WATCH: ENTRY OIL is $21.70. Raise stop to 22.70. (YOU should have applied stop open gap management to hold the position today!)
UGA – Gasoline tested support $56.80 held and has moved higher breaking above resistance at the $59.35. The inventory data fell pushing the price higher and prompting the rally. That data leveled in today’s report testing the move higher. The flag forming at the high is worth watching short term for downside risk.
WATCH: ENTRY: $58 UGA – Stop = $62.75
GLD – Still in a consolidation wedge and downtrend off the October high. Watch and play accordingly. Watch for a short term move above $163.
DBB – Base Metals broke support, tested $18.60 low and is attempting to break higher on the upside. Some volatility showing in the chart, but the upside is still in play. Need to clear the $19.70 level currently. Watch for the continuation of the play higher.
Palladium (PALL) broke above the $69.50 high and heading higher. Cleared the $71.80 resistance and now at new high of $73,64.
Platinum (PPLT) remain the better bet on the precious metal side. Platinum was testing the consolidation pattern on the upside, but this week has pushed higher and hit a new high at $170.45 today.
5) Global Markets:
The NASDAQ Global Market Index (NQGM) broke above 970 on the index and has moved to 1025. The global markets remains a positive among investors short term. Money flow into the country ETFs has improved along with the upside gain.
WATCH: EFA – Dropped 1.8% on Monday on concerns relative to Spain. The test of the uptrend short term continues. Stick with the uptrend play for now as it holds support. $58.25 support was tested.
WATCH: IEV – Dropped 2.7% Monday as the concern relative to Spain rose. Attempting to hold $40.20 support short term. One day at a time. Don’t assume anything and keep your focus going forward. Watch for the uptrend to resume when the dust settles. Looking at the daily chart for the last year we can see the break above resistance and the trend higher remains in play. Upside target is $45.50 going forward.
WATCH: FXI – China had established the uptrend off the November low. However, the volatility of the move has picked up on economic data developing a sideways trading range. The move below $40.75 was a big negative short term and the confirmation on the downside the last couple of days is worthy of attention. The current support to watch is $39.65.
ENTRY: $42 FXI – Stop = $40.
WATCH: EEM – $43.65 is the current support level and the chart is pushing lower and the consolidation pattern is testing support on the downside. Watch the downside as this plays out.
6) Real Estate (REITS):
WATCH: IYR – The break above $66.12 was the entry point of the move above resistance. Still in position to move higher short term. Watch for potential test of support in the move. Be patient as this plays out short term.

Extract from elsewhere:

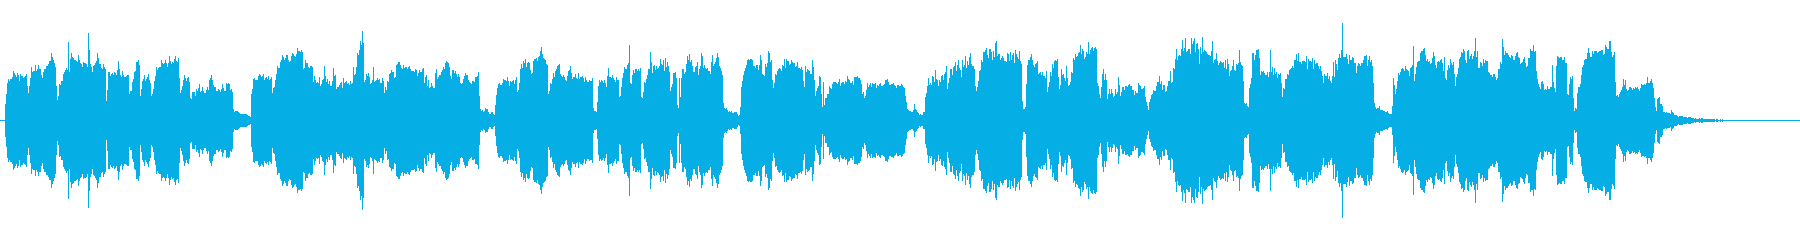 テューバの摩訶不思議なジングルの再生済みの波形

ENTRY – $66.15, – Stop $67
WATCH: REM, NLY & SJT – all three are in a position to break higher.
7) Global Fixed Income:
The sovereign debt issues are fading as the global outlook improves. Still plenty to be concerned about relative to growth, but the fixed income side is attractive for now. High yield bonds and corporate bonds are gaining momentum short term.
WATCH: Emerging market bonds (EMB) – Exited play on Monday’s break of support.
WATCH: Emerging market Sovereign Debt (PCY) – Exited play on Monday on break of support.
WATCH: International High Yield Bonds (IHY) – Tested support at $25.75 and bounced and hit new high and still moving up. HOLD.
WATCH: PAFCX – bounced off support near the $11.66 mark. Holding within the trading range for now. HOLD.
WATCH: PICB – International Corporate bonds are testing the support at $29.20. HOLD.
Watch and play according to your risk tolerance on any position taken. Everyone has different trading styles and you have to find what works for you and your personality. Don’t put yourself in positions you don’t understand or take risk you can’t tolerate. Not every trade results in a profit, but controlling your risk will limit the downside losses.